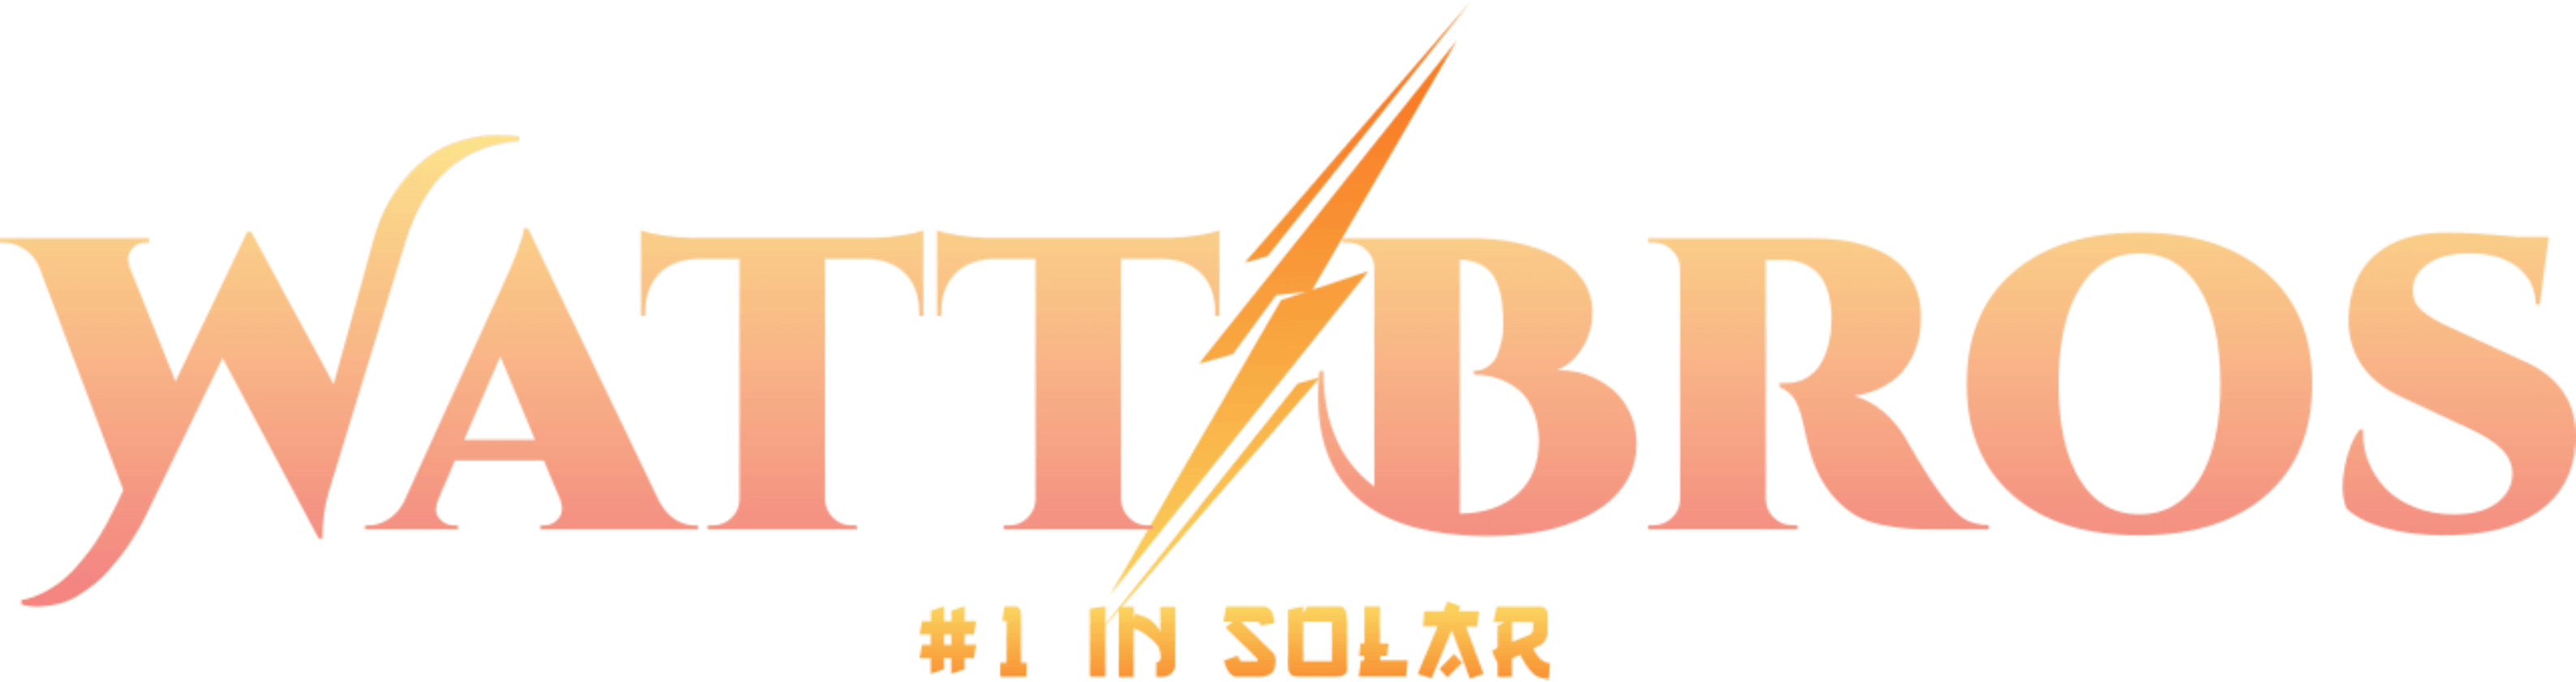 Watt Bros Solar - AZ Solar Company Logo
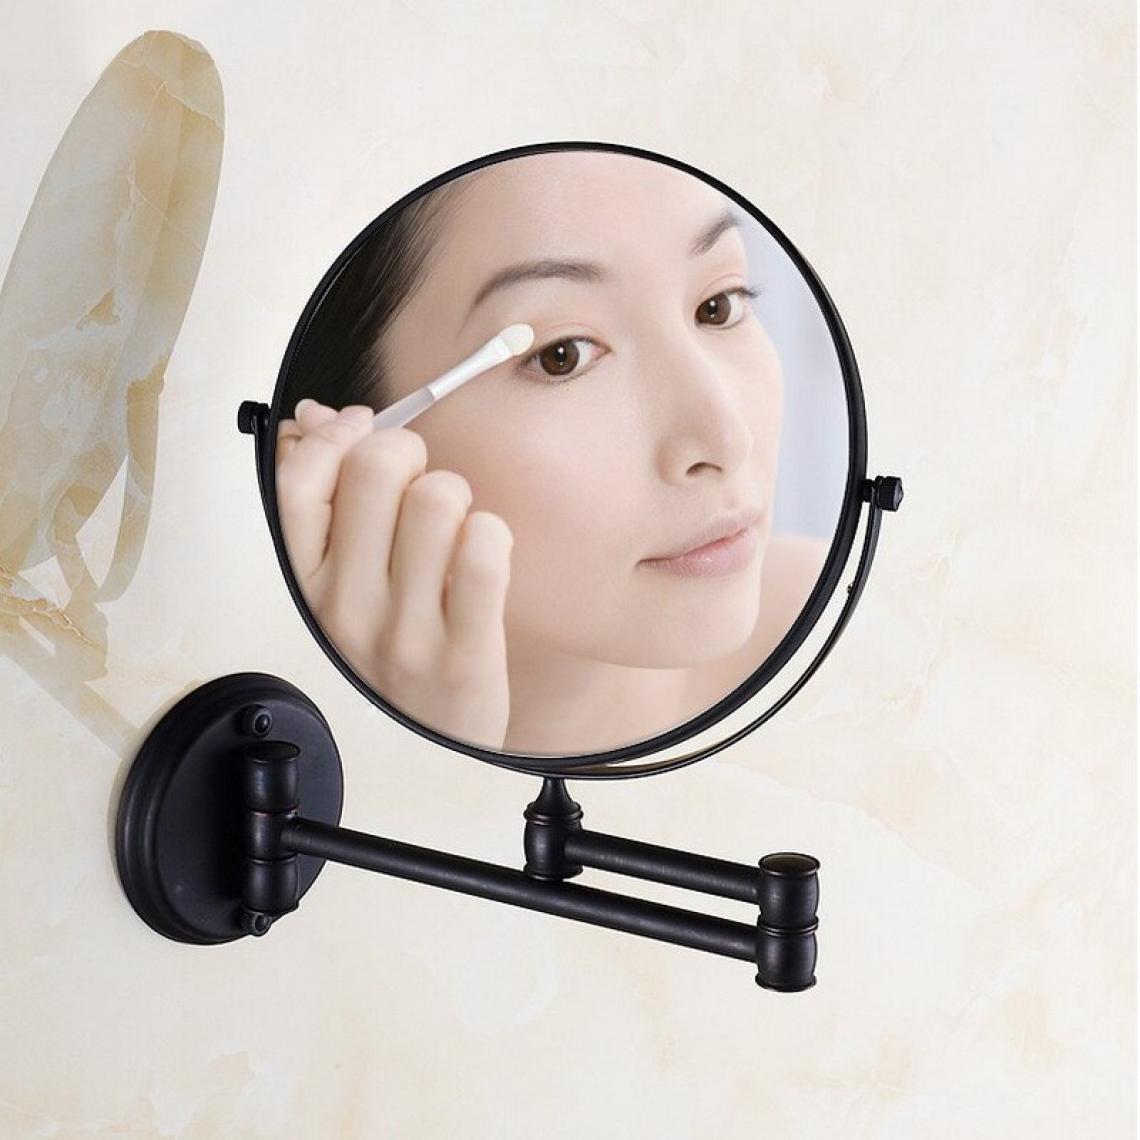 Universal - Miroir de toilette en bronze noir, miroir de toilette en cuivre, miroir de maquillage pliant, miroir double face, miroir de maquillage.(Le noir) - Miroir de salle de bain
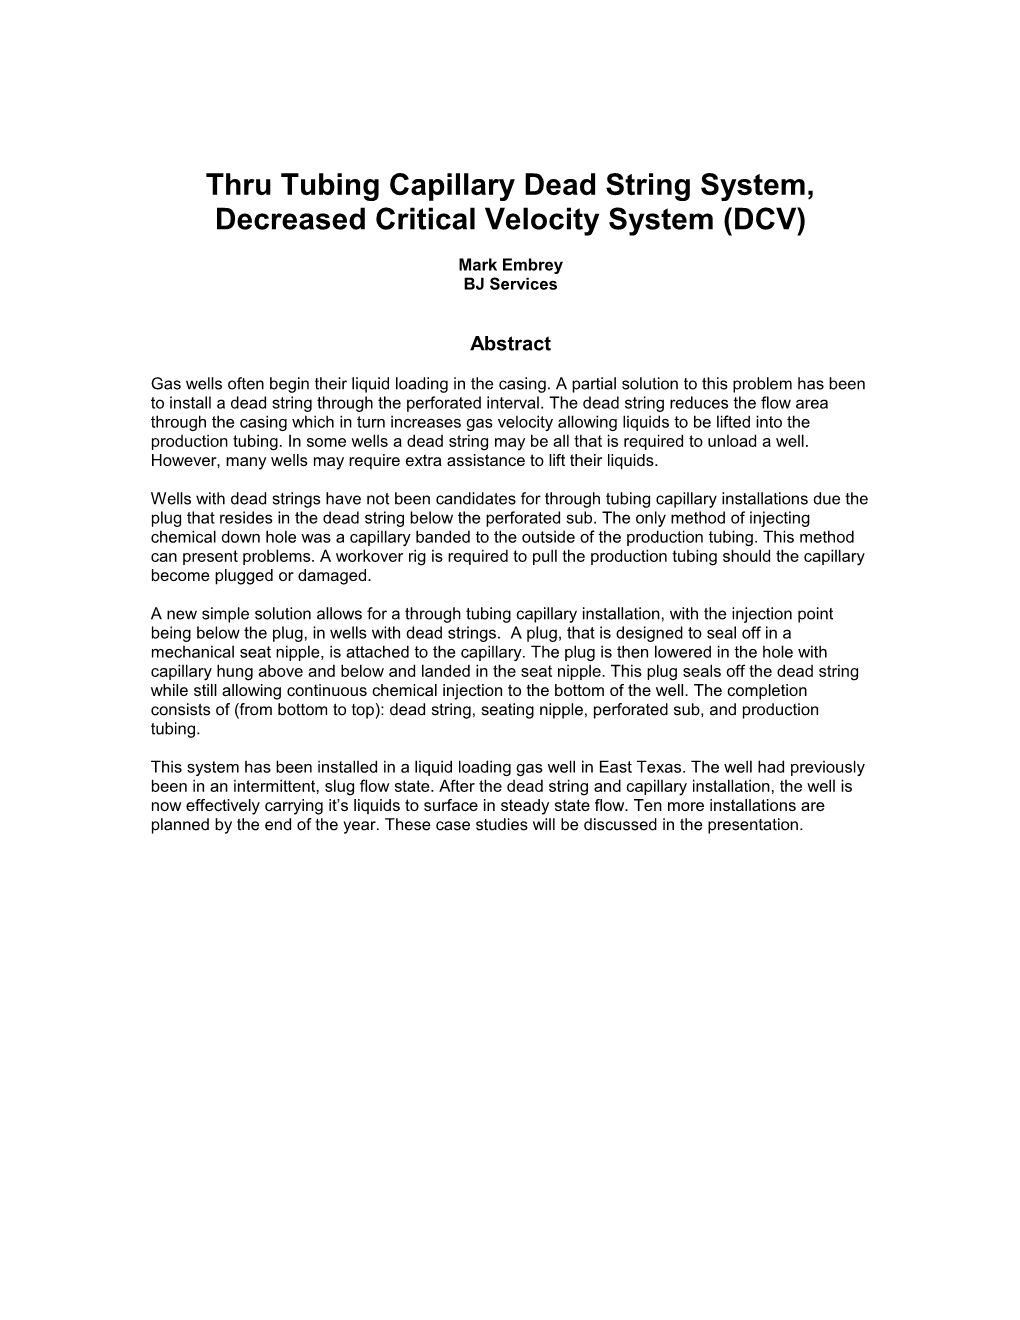 Thru Tubing Capillary Dead String System, Decreased Critical Velocity System (DCV)
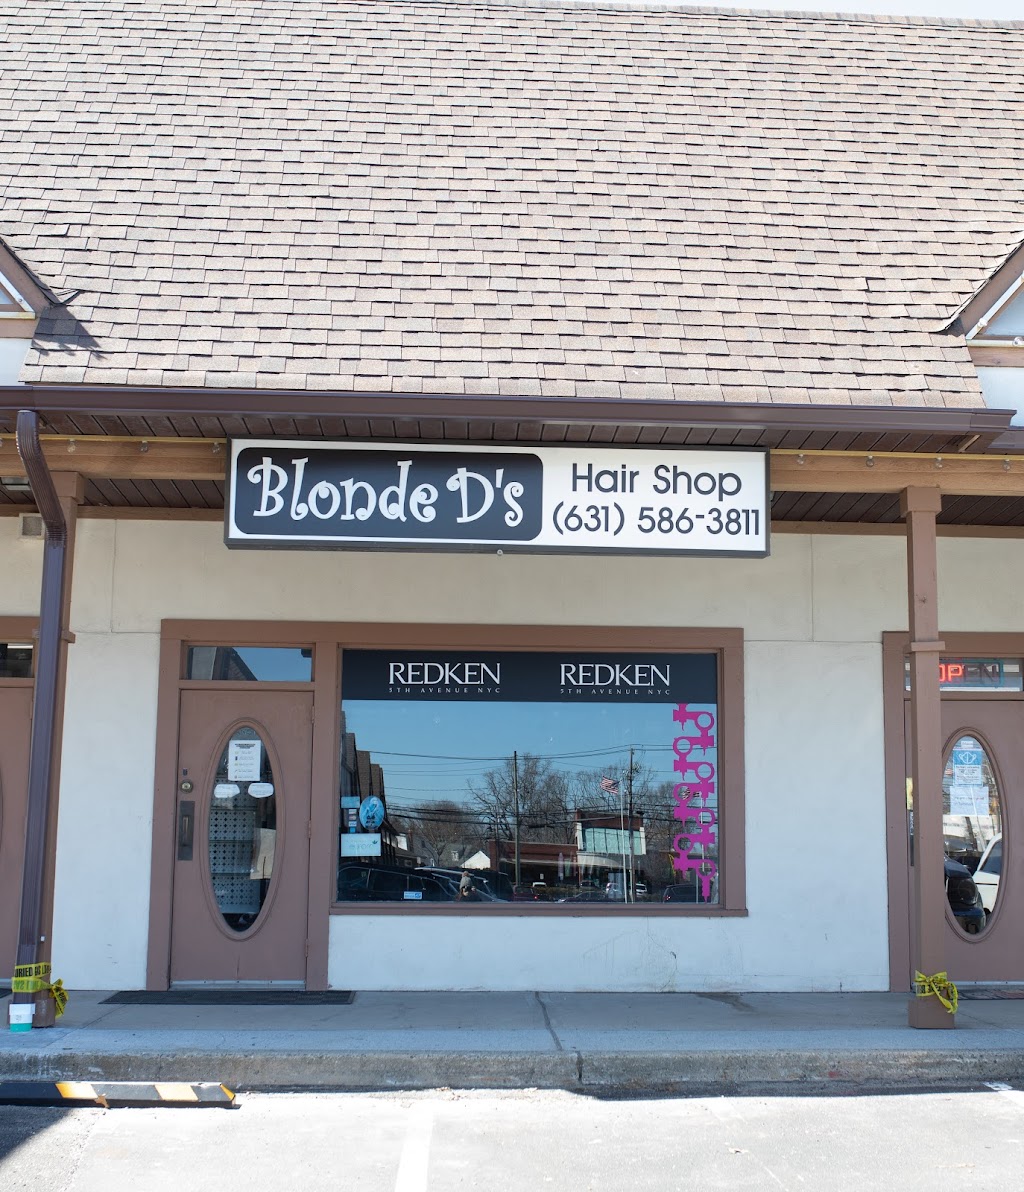 Blonde Ds Hair Shop | La Grande Place, 1350 10 Deer Pk Ave, North Babylon, NY 11703 | Phone: (631) 586-3811
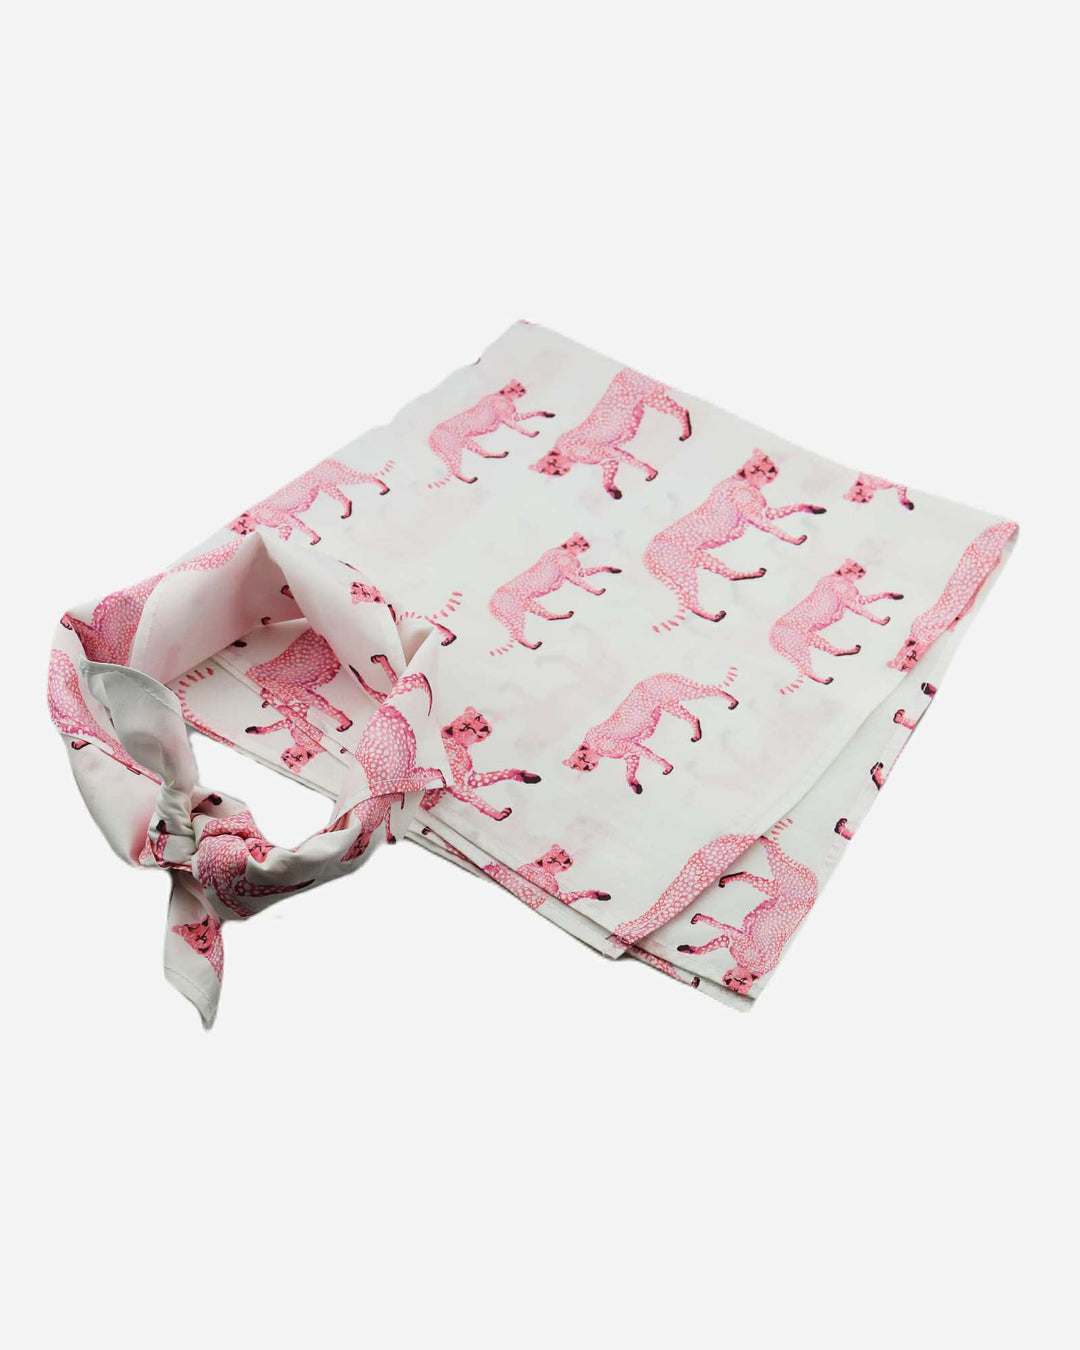 White bandana with pink cheetahs

--

To do
Each entry above must be printed exactly, apart from its pictures.

Solved exercise
 Watt Bros Solar - AZ Solar Company Logo
 Universal - Miroir de toilette en bronze noir, miroir de toilette en cuivre, miroir de maquillage pliant, miroir double face, miroir de maquillage.(Le noir) - Miroir de salle de bain
 Thru Tubing Capillary Dead String System, Decreased Critical Velocity System (DCV)
 Blonde Ds Hair Shop | La Grande Place, 1350 10 Deer Pk Ave, North Babylon, NY 11703 | Phone: (631) 586-3811
 White bandana with pink cheetahs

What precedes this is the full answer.